Moreover, if there is a restriction in one of your organs or the fascia that anchors your organ to the skeleton, your body uses pain to stop you from putting strain on these life sustaining tissues. Take shoulder pain for example.  You cannot reach your arm to the top shelf of the kitchen cabinet without spreading your ribs vertically.  On the inside of the rib cage lies the lungs connected to the ribs via the pleura. Instead of ripping your lung or pleura, shoulder pain will stop you from reaching too far.  So if the lung has limited mobility, so will your shoulder.

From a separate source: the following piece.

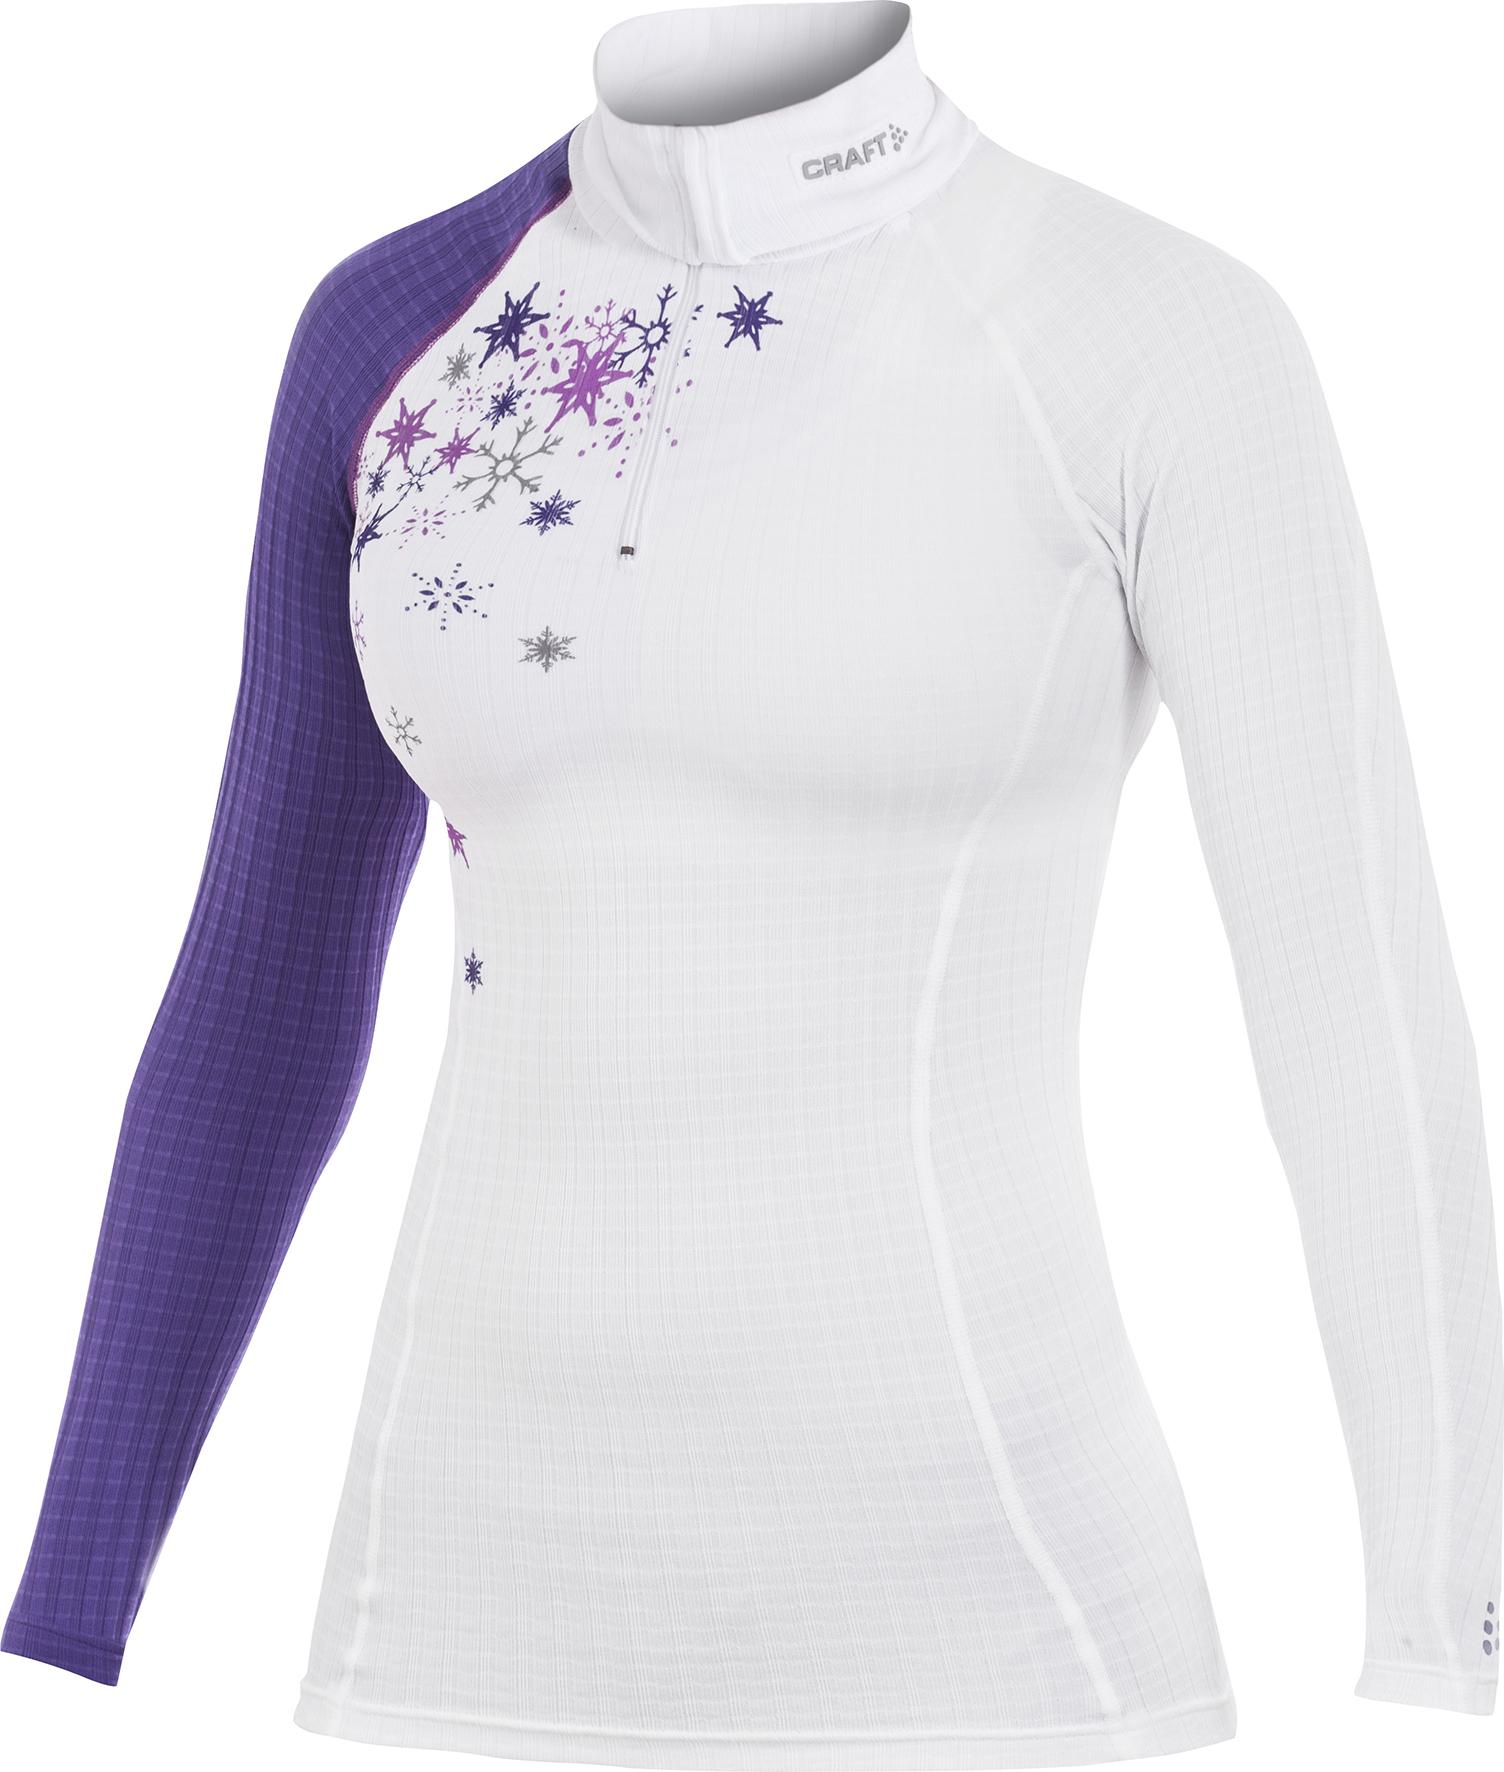 Термобелье Рубашка Craft Active Extreme женская фиолетовая

The French osteopath and physical therapist who created Visceral Manipulation, Jean Pierre Barral, discovered and honed the ability to identify the primary restriction in his patients using touch.  ‘Listening’ as this technique is called, can be likened to holding two magnets close enough to feel their attraction.  If something comes between the magnets, you will no longer feel the attraction.  Remove that interference and once again the attraction returns.  With my hand on top of your head, I will feel a faint pull into an area of your body.  Lying down on the table, I’m able to localize the area of greatest restriction even further by interrupting the pull with a light touch and removing my touch to feel the pull return.  It is this ability to be as specific as possible when deciding where we treat the body that is even more powerful than how we treat the body.  It has been said that the most mediocre technique in the right location is a far superior treatment than the most advanced technique in the wrong location.

I know that identifying where to begin bodywork in the VM paradigm is unconventional. There are a few things about the visceral manipulation treatment technique that make it unique as well. Treatment is performed using relatively light touch. The touch is not intended to break apart fascial restrictions, but rather to stimulate sensors embedded within the fascia. These proprioceptors, also called mechanoreceptors, are activated by pressure and stretch.  When surrounded by restrictions, these sensors are not getting activated as usual. With the right amount of touch, the dormant proprioceptors send a message to the brain informing it that this area needs attention. The brain processes this input and produces the release. Too much force from the therapist will cause the tissues to defensively resist any change. Too little force from the therapist and the brain does not get enough input to notice the need for a change. So in order to be effective, the force from the therapist must be just right.   

While it is thought that upwards of 80% of orthopedic injuries have their origins in visceral restrictions, many people are able to manage pain without this ‘outside the box’ technique.

So when do you know VM is right for you?

  • Slower healing time: circulation to the area may be impaired by deep fascial restrictions.  
  • Return of symptoms:  compensations, rather than the source, have been the focus of treatment thus far. 
  • Symptoms are associated with cycles of the body:
    • Daily:  Circadian rhythms of the organs or your eating/eliminating schedule have an impact on your symptoms.
    • Monthly: The luteal phases of the menstrual cycle produce greater fluid around the viscera exaggerating the impact of any restrictions.  Cramping/back pain during menstruation is also associated with visceral restrictions.